QA Runbook

Audience: dora developers (human or agent) running QA locally. Purpose: tell you which command to run, how to read the output, and what to do when something fails. Deep dives: see plan-agentic-qa-strategy.md for the strategy and rationale; this document is the operational reference. Coverage by capability: see testing-capabilities.md (#1633) when you need to know which tests cover a feature before touching it. Validation bar by change class: see agentic-qa-policy.md (#1634) to know how much validation a change needs.

1. TL;DR

# Before every commit (~15 seconds)
make qa-fast

# Before every push (~5-10 minutes)
make qa-full

# Target Tier 1 gate -- stronger than today's CI (~15 minutes)
make qa-deep

# Overnight run on a beefy machine -- Tier 2 equivalent (~30-60 min)
make qa-nightly

# Before tagging a release
make qa-release-gate

# Deliberate test-quality audit (NOT every nightly; takes 10-18 hrs)
make qa-mutation-audit

# Run all smoke-eligible example dataflows end-to-end (~15-20 min, orthogonal to ladder)
# Skips CUDA/ROS2/webcam/C++/interactive examples -- run `scripts/smoke-all.sh -h` for the SKIP list
make qa-examples
# or scope it: make qa-examples ARGS="--rust-only"

If you only remember one command: make qa-fast.

First-time setup on a fresh clone:

make qa-install     # installs cargo-audit, cargo-deny, cargo-llvm-cov, cargo-mutants, cargo-semver-checks
pip install diff-cover   # optional; enables diff coverage gate
rustup component add miri --toolchain nightly   # optional; for unsafe-code analysis

2. What each target runs

Target	Runs	Budget	When to use
`make qa-fast`	fmt + clippy + audit + unwrap-budget + typos	~15 s	Pre-commit
`make qa-full`	`qa-fast` + full test suite + coverage	~5-10 min	Pre-push
`make qa-deep`	`qa-full` + mutation testing on diff + semver	~15 min	Target Tier 1 local gate (stronger than today's CI: adds coverage, adversarial, mutants, semver)
`make qa-tier1`	alias for `qa-deep`	—	Back-compat; prefer `qa-deep`
`make qa-nightly`	`qa-deep` + proptest@1000 + miri (if installed) + example-smoke (in scratch venv with `-e apis/python/node`) + hub-smoke + ci-nightly-jobs	~3-4 hours	Full parity with `.github/workflows/nightly.yml` after the #1716 rebalance: 19 test jobs total. example-smoke covers the 4 example-backed GHA jobs (smoke-suite, log-sinks, service-action, streaming); hub-smoke covers the Hub e2e job (tests/hub-smoke.rs); `scripts/qa/ci-nightly-jobs.sh` drives the 14 remaining with platform-aware dispatch (record-replay, cluster-smoke, topic-and-top, cpu-affinity [Linux], redb-backend, daemon-reconnect [Linux], state-reconstruction, test-cross-platform [macOS+Windows], examples, cli-tests, bench-example, cross-check, ros2-bridge [Linux+ROS2], msrv).
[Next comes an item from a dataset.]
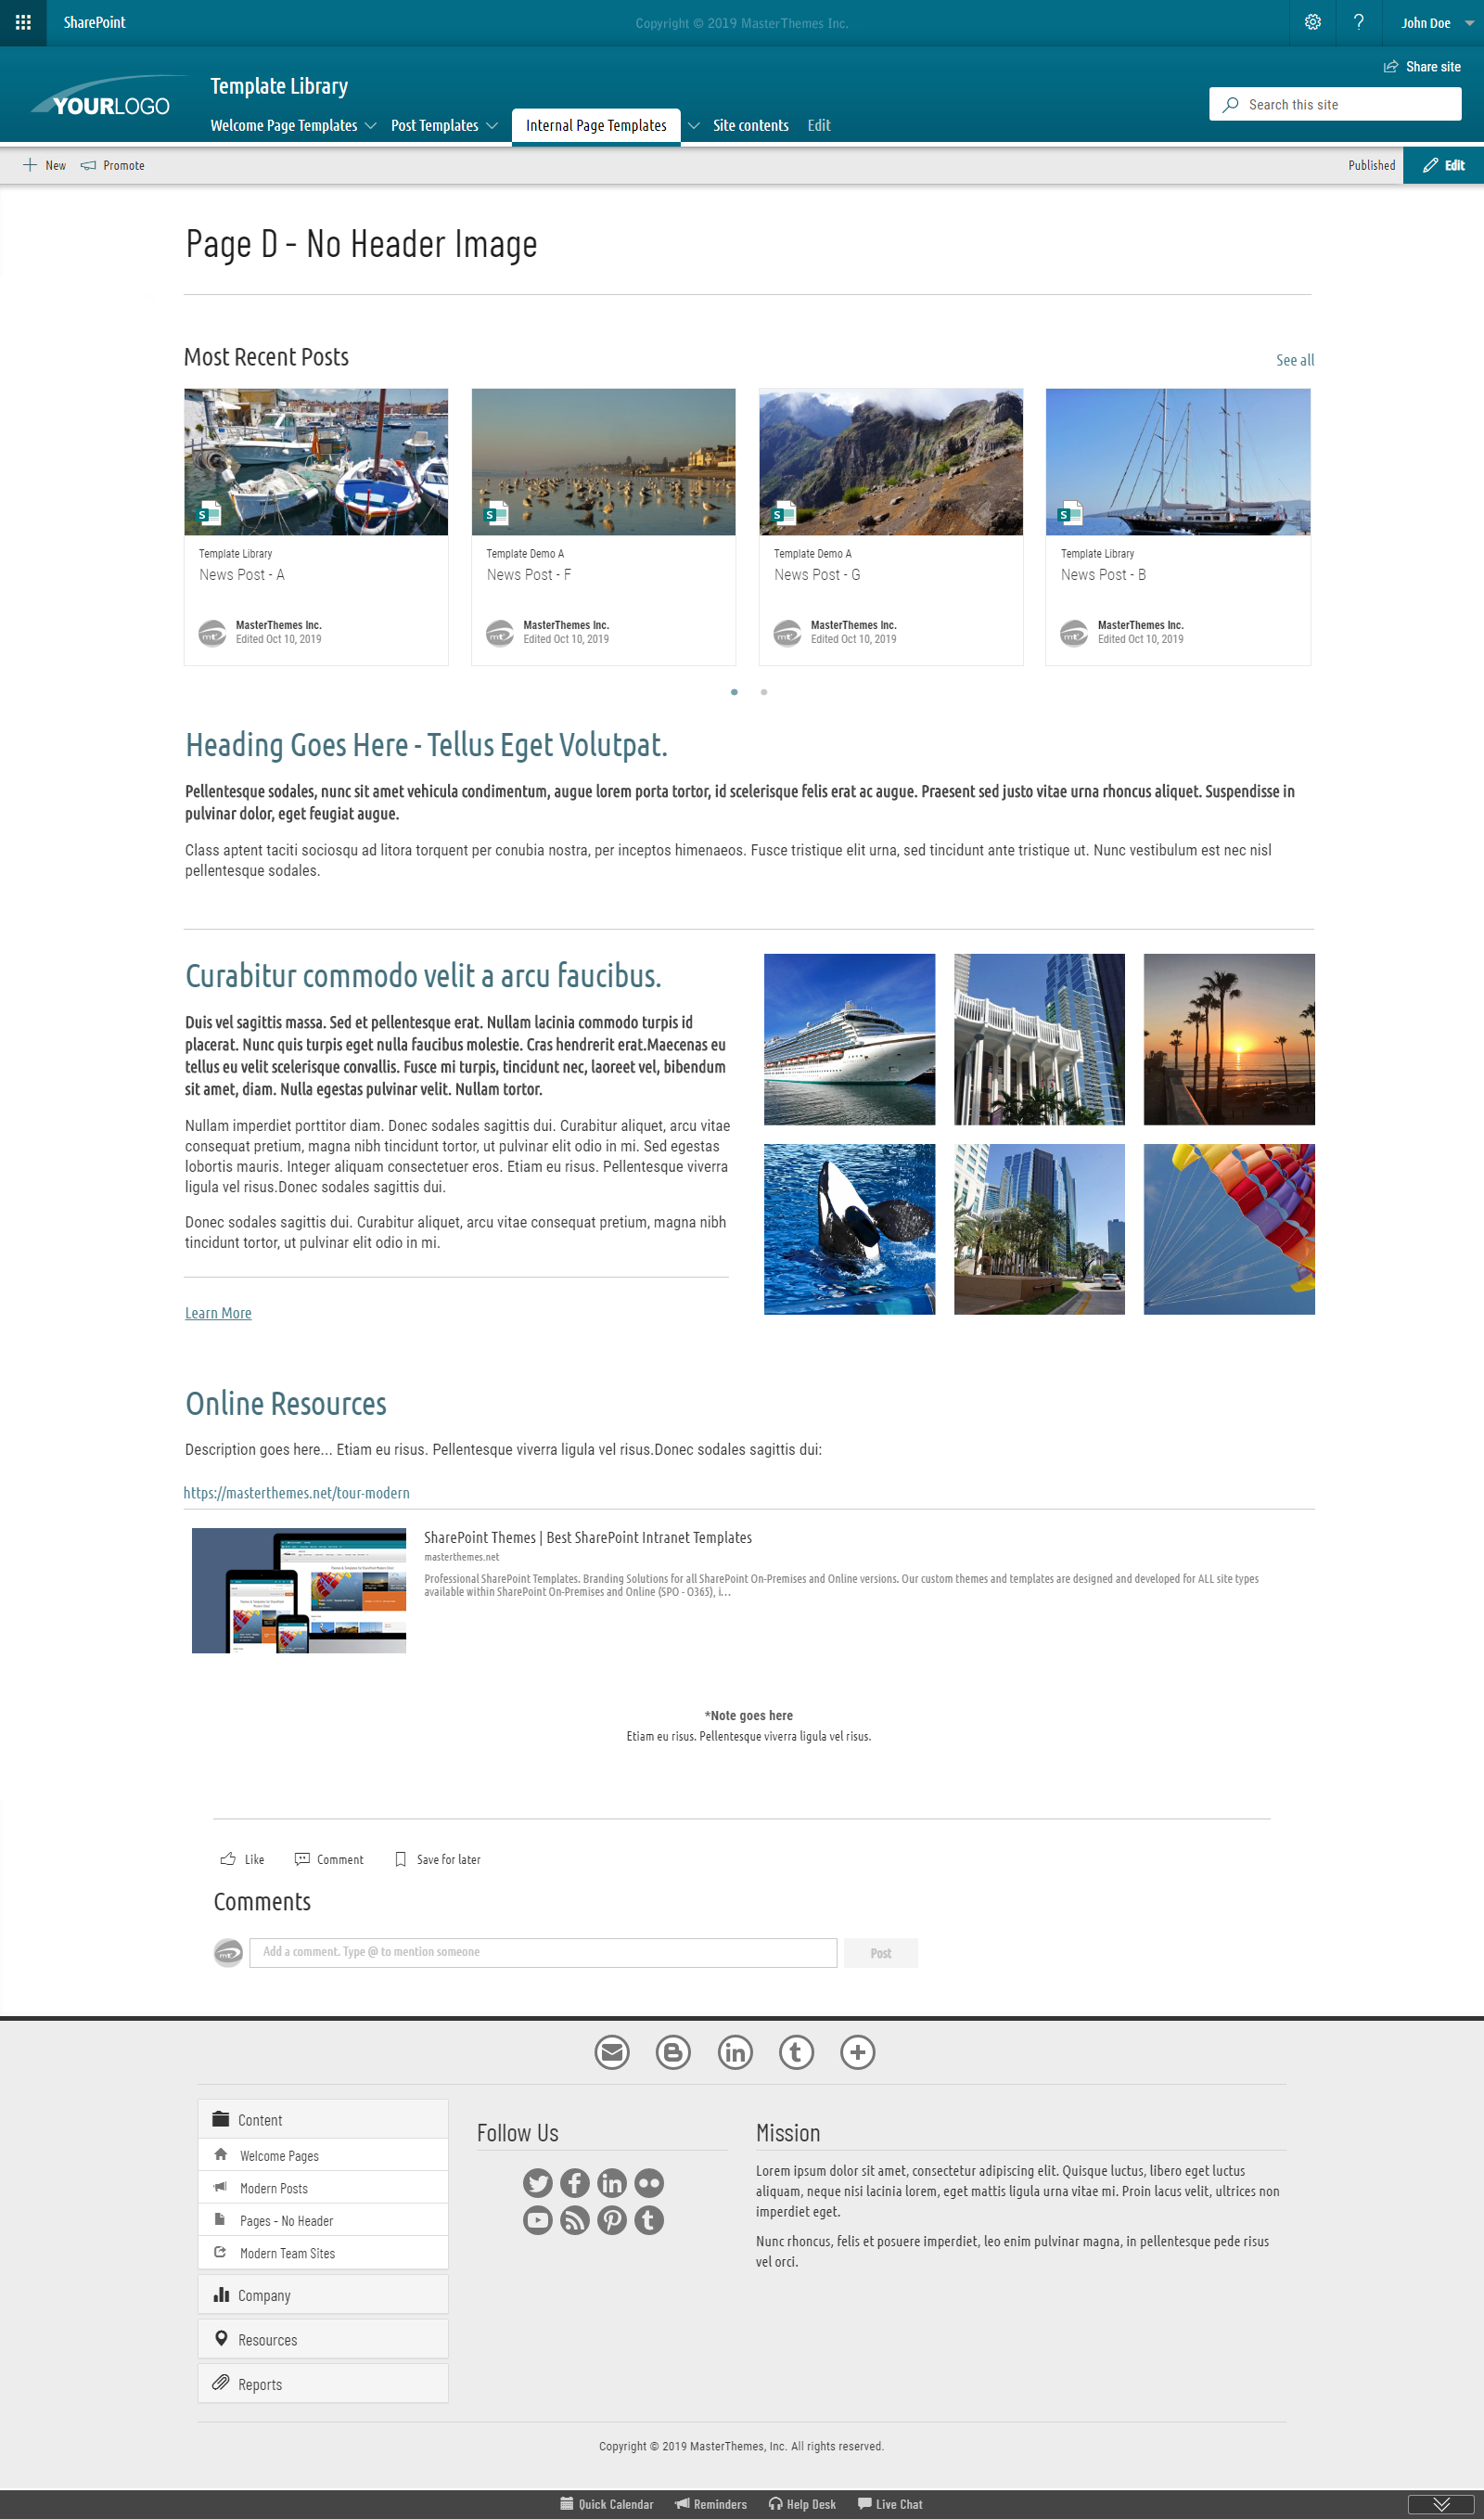 Layout Template - Page D without Header Image - Modern Template for SharePoint 2019

Requires both `uv` and Python 3.12 — both preflighted; fails fast with a specific install hint for whichever is missing (`curl -LsSf https://astral.sh/uv/install.sh \| sh` for uv, `uv python install 3.12` for the interpreter). example-smoke installs workspace Python bindings into the scratch venv to match the GHA Python setup (avoids PyPI drift, #1710). Green local run on platform X predicts a green CI nightly for platform X's jobs; jobs that can't run on the dev's OS SKIP cleanly. Does NOT include full-repo mutation testing (see `qa-mutation-audit`).
`make qa-release-gate`	`qa-deep` + semver	~15 min	The automatable subset of Tier 3. Non-automatable: security audit + dogfood + migration validation (see strategy doc §7)
`make qa-mutation-audit`	`cargo-mutants --full` on 6 critical crates	~10-18 hrs	Deliberate test-quality audit, not every nightly
`make qa-examples`	`scripts/smoke-all.sh` -- all smoke-eligible example dataflows end-to-end (skips CUDA/ROS2/webcam/C++/interactive)	~15-20 min	When you want actual dataflows exercised. Orthogonal to ladder -- qa-fast/full/deep all `--exclude dora-examples`. Pass `ARGS="--rust-only"` etc.
`make qa-fmt`	`cargo fmt --all -- --check`	~2 s	Spot-check
`make qa-clippy`	`cargo clippy --all -- -D warnings` (excluding Python)	~1 min	After mechanical edits
`make qa-audit`	`cargo audit` + `cargo deny check`	~10 s	After bumping deps
`make qa-unwrap`	count `.unwrap()` / `.expect(` in production code	~2 s	After adding unwraps
`make qa-test`	`cargo test --all` (excluding Python)	~3-5 min	After code changes
`make qa-coverage`	`cargo llvm-cov` (writes `lcov.info`)	~5 min	To see coverage locally
`make qa-mutants`	`cargo mutants --in-diff origin/main` on critical crates	~5-30 min	To verify tests actually detect bugs
`make qa-semver`	`cargo semver-checks` vs last tag	~1-2 min	Before bumping published crate versions

All targets call scripts under scripts/qa/. The scripts are the source of truth — if something looks wrong, read the script.

3. Reading failures and fixing them

3.1 `fmt` failed

Cause: your edits don't match rustfmt. Fix: cargo fmt --all. Re-run make qa-fast.

3.2 `clippy` failed

Cause: a clippy lint fires on your code. Common ones in dora:

collapsible_if — nested if lets can use && chain syntax (Rust 2024).
let-and-return
Needless .clone()

Fix:

Read the error — clippy points at file:line.
Try cargo clippy --fix --allow-dirty --allow-staged for mechanical fixes.
Re-run. If it still fails, address manually.
Do not add #[allow(...)] without a comment explaining why.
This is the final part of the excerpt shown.